If you are talking about a regular dict, then the "first key" doesn't mean anything. The keys are not ordered in any way you can depend on. If you iterate over your dict you will likely not get "banana" as the first thing you see.

If you need to keep things in order, then you have to use an OrderedDict and not just a plain dictionary.

import collections
prices  = collections.OrderedDict([
        ("banana", 4),
        ("apple", 2),
        ("orange", 1.5),
        ("pear", 3),
])

If you then wanted to see all the keys in order you could do so by iterating through it

for k in prices:
    print(k)

You could, alternatively put all of the keys into a list and then work with that

ks = list(prices)
print(ks[0]) # will print "banana"

A faster way to get the first element without creating a list would be to call next on the iterator. This doesn't generalize nicely when trying to get the nth element though

>>> next(iter(prices))
'banana'

_{* CPython had guaranteed insertion order as an implementation detail in 3.6.}

Answer 3

So I found this page while trying to optimize a thing for taking the only key in a dictionary of known length 1 and returning only the key. The below process was the fastest for all dictionaries I tried up to size 700.

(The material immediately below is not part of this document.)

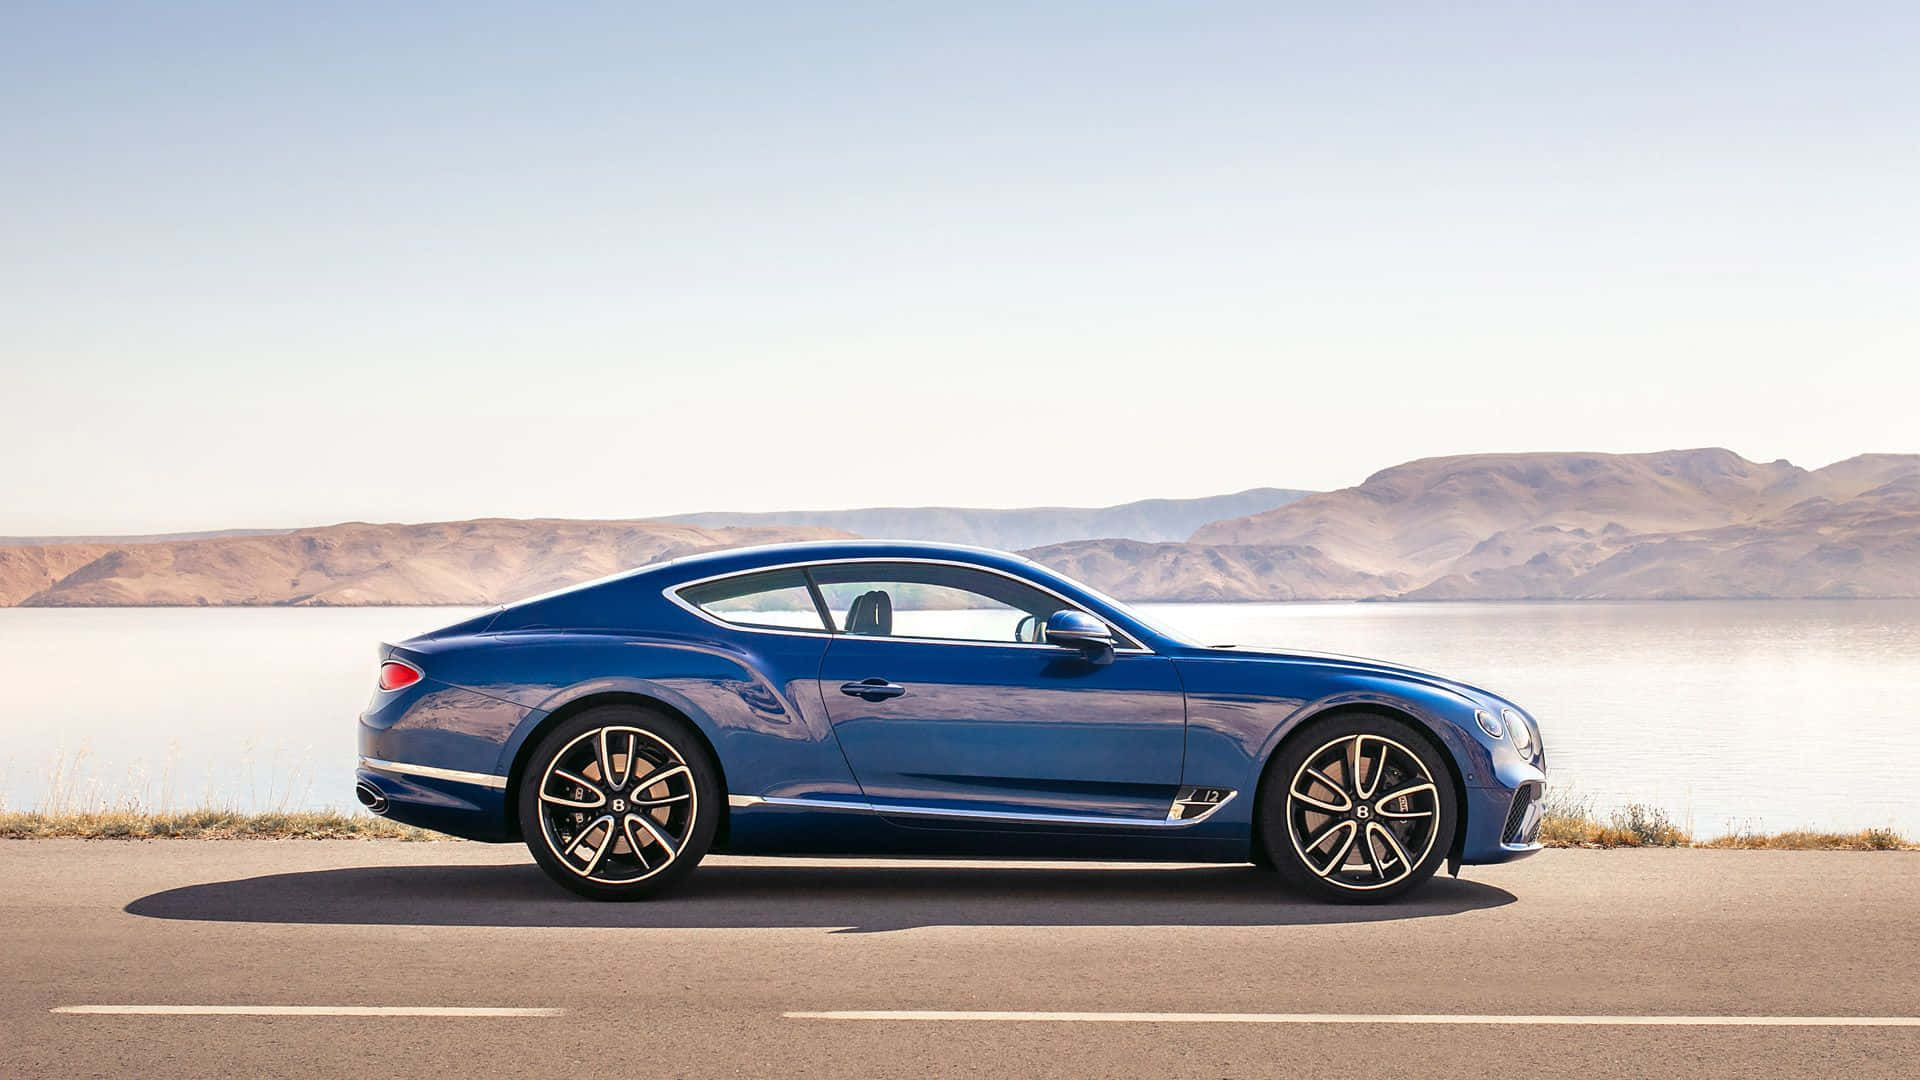 The Definitive Luxury: Bentley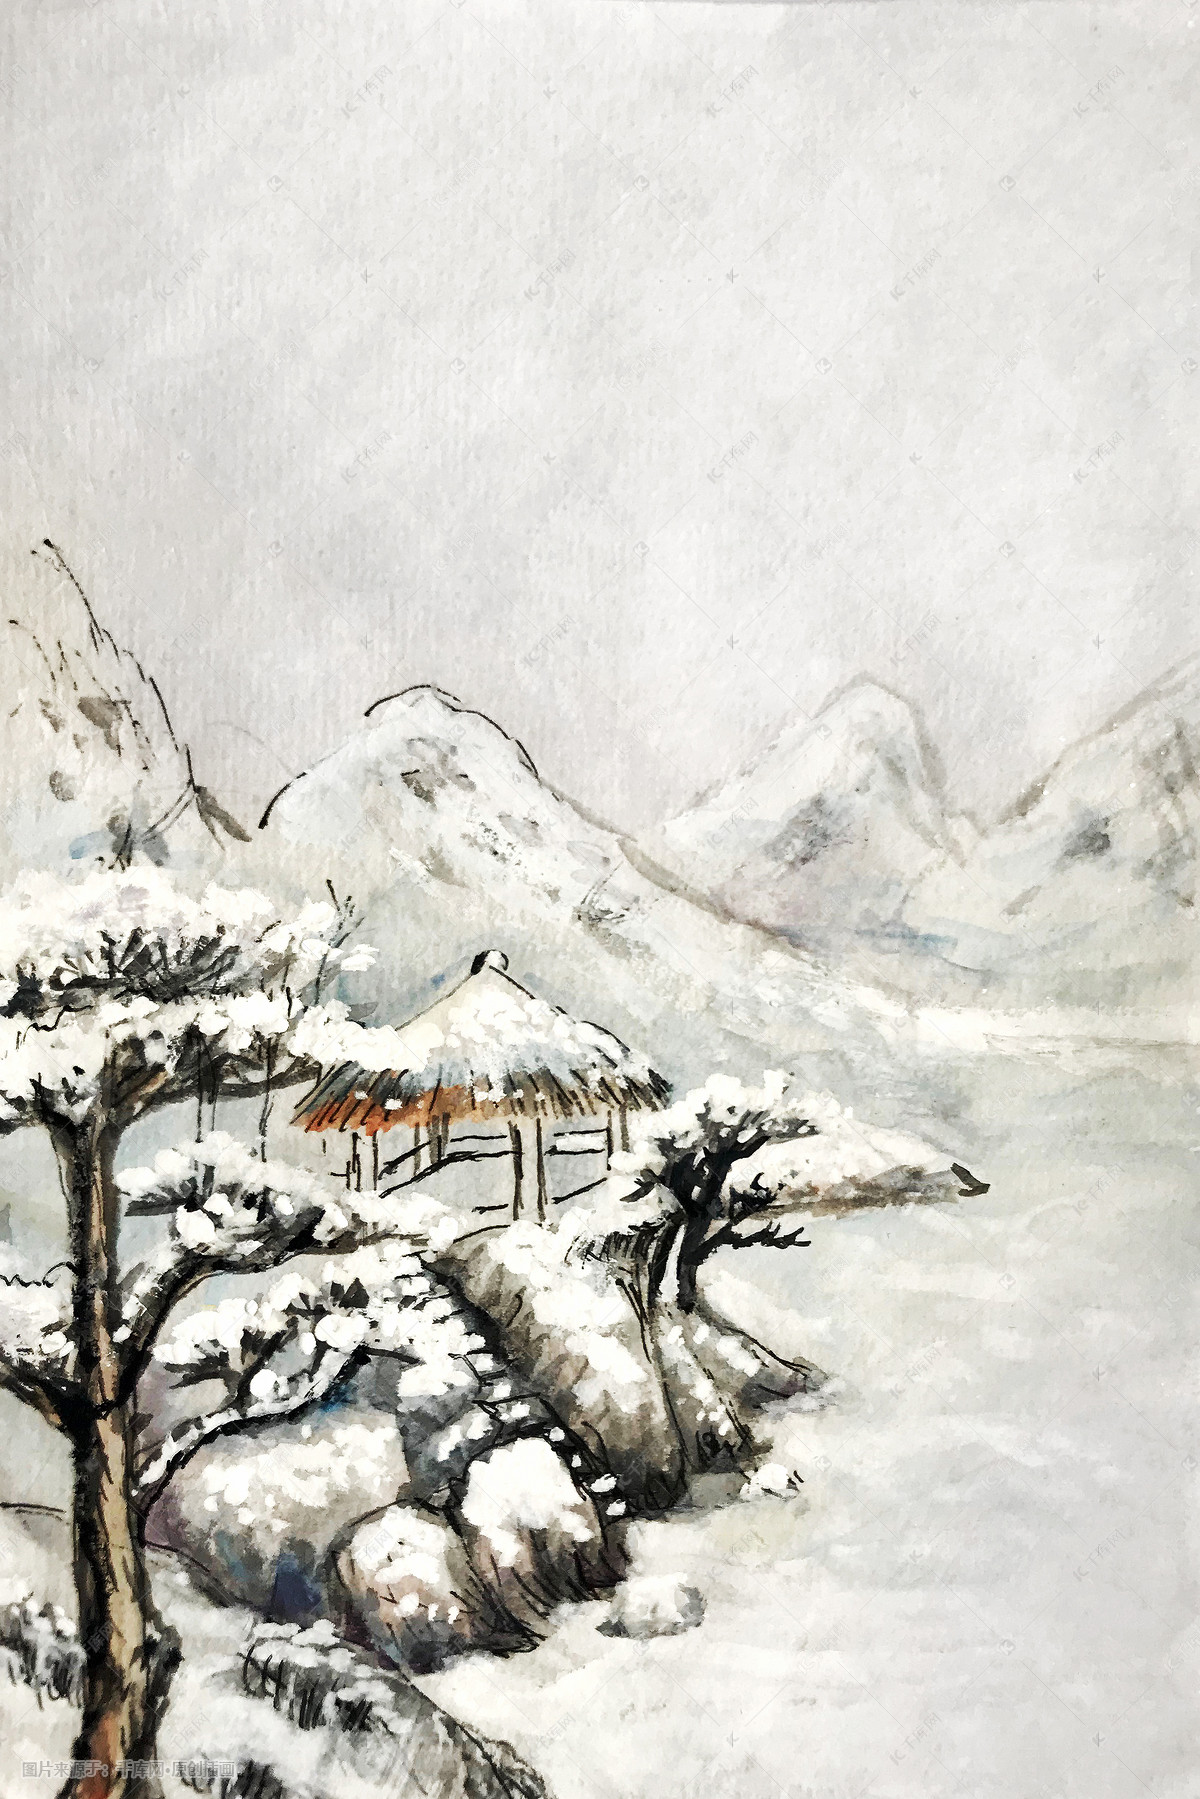 高清手绘冬天雪景素材-快设网-设计师专业导航网站

I tried 7 different approaches, and found that this one was the best, on my 2014 Macbook with Python 3.6:

def first_5():
    for key in biased_dict:
        return key

The results of profiling them were:

  2226460 / s with first_1
  1905620 / s with first_2
  1994654 / s with first_3
  1777946 / s with first_4
  3681252 / s with first_5
  2829067 / s with first_6
  2600622 / s with first_7

All the approaches I tried are here:

def first_1():
    return next(iter(biased_dict))


def first_2():
    return list(biased_dict)[0]


def first_3():
    return next(iter(biased_dict.keys()))


def first_4():
    return list(biased_dict.keys())[0]


def first_5():
    for key in biased_dict:
        return key


def first_6():
    for key in biased_dict.keys():
        return key


def first_7():
    for key, v in biased_dict.items():
        return key

Answer 4

If you just want the first key from a dictionary you should use what many have suggested before

first = next(iter(prices))

However if you want the first and keep the rest as a list you could use the values unpacking operator

first, *rest = prices

The same is applicable on values by replacing prices with prices.values() and for both key and value you can even use unpacking assignment

>>> (product, price), *rest = prices.items()
>>> product
'banana'
>>> price
4

Note: You might be tempted to use first, *_ = prices to just get the first key, but I would generally advice against this usage unless the dictionary is very short since it loops over all keys and creating a list for the rest has some overhead.

Note: As mentioned by others insertion order is preserved from python 3.7 (or technically 3.6) and above whereas earlier implementations should be regarded as undefined order.

Answer 5

A dictionary is not indexed, but it is in some way, ordered. The following would give you the first existing key:

list(my_dict.keys())[0]

Answer 6

Well as simple, the answer according to me will be

first = list(prices)[0]

converting the dictionary to list will output the keys and we will select the first key from the list.